I sat on my couch in my family room, sobbing, knowing that any time, I would go into that restroom and my fear would be confirmed.  I called my mom, who is my incredible, wise, godly confidante, and poured out my heart.  She cried with me, and we did our best to decipher what the other was saying over the sniffling and weird little hiccups.  And then she prayed for me, and when she said these words, it was as if the heavens opened, time stopped, and I was receiving a message from my Maker.

Just as Mary responded to the angel, when he declared that her womb was full, “May it be to me as you have said.”  Lord, help her heart be able to say, “May it be to me as You have said” even while she is being told that her womb is empty.

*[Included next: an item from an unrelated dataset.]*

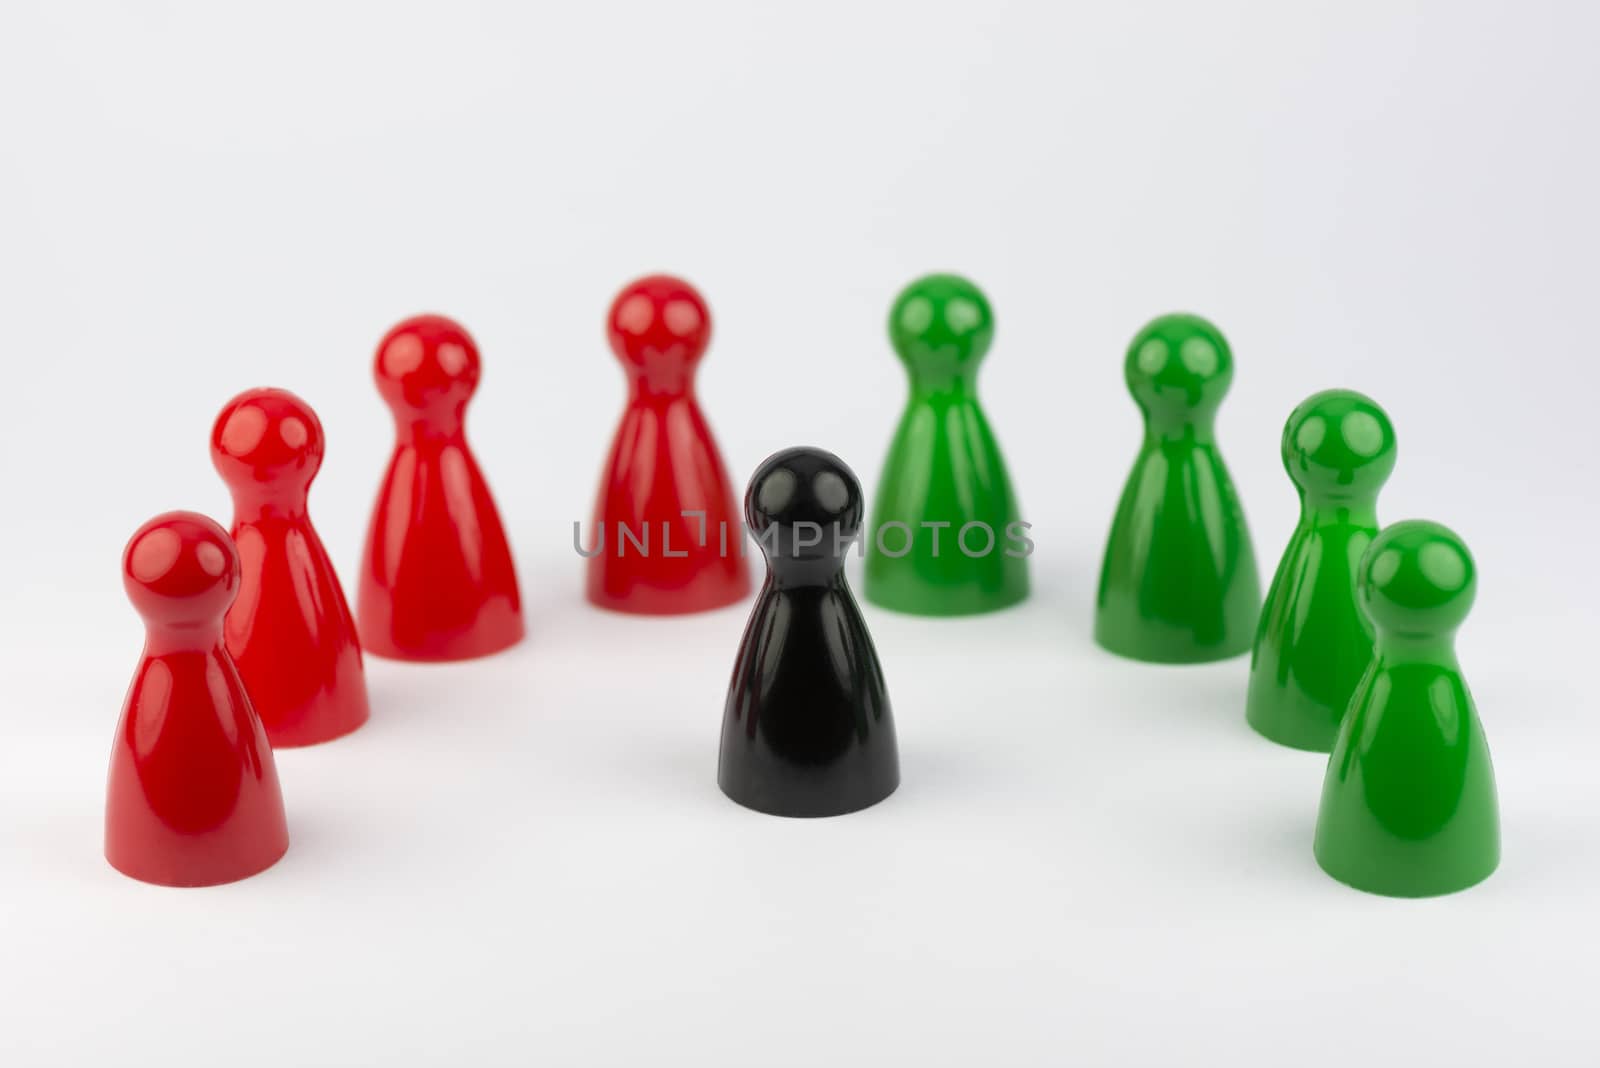 Conceptual game pawns
 by Tofotografie

I was undone.  His grace and nearness overwhelmed my heart, and from that moment on, with baby steps, day by day, I began to be able to say those words and mean them.  I began to believe that His plan for my family, while mysterious and without explanation, was best.  In her big moment, Mary didn’t know all that her future would hold, and neither do I, but His grace was sufficient for her, and it was, and still is, sufficient for me.

As we read and contemplate the Christmas story this year, I pray that the Lord would gently and kindly show each of us that area in our hearts where He is waiting for us to say, “May it be to me as You have said.”  Watch His grace be sufficient, and feel Him set you free.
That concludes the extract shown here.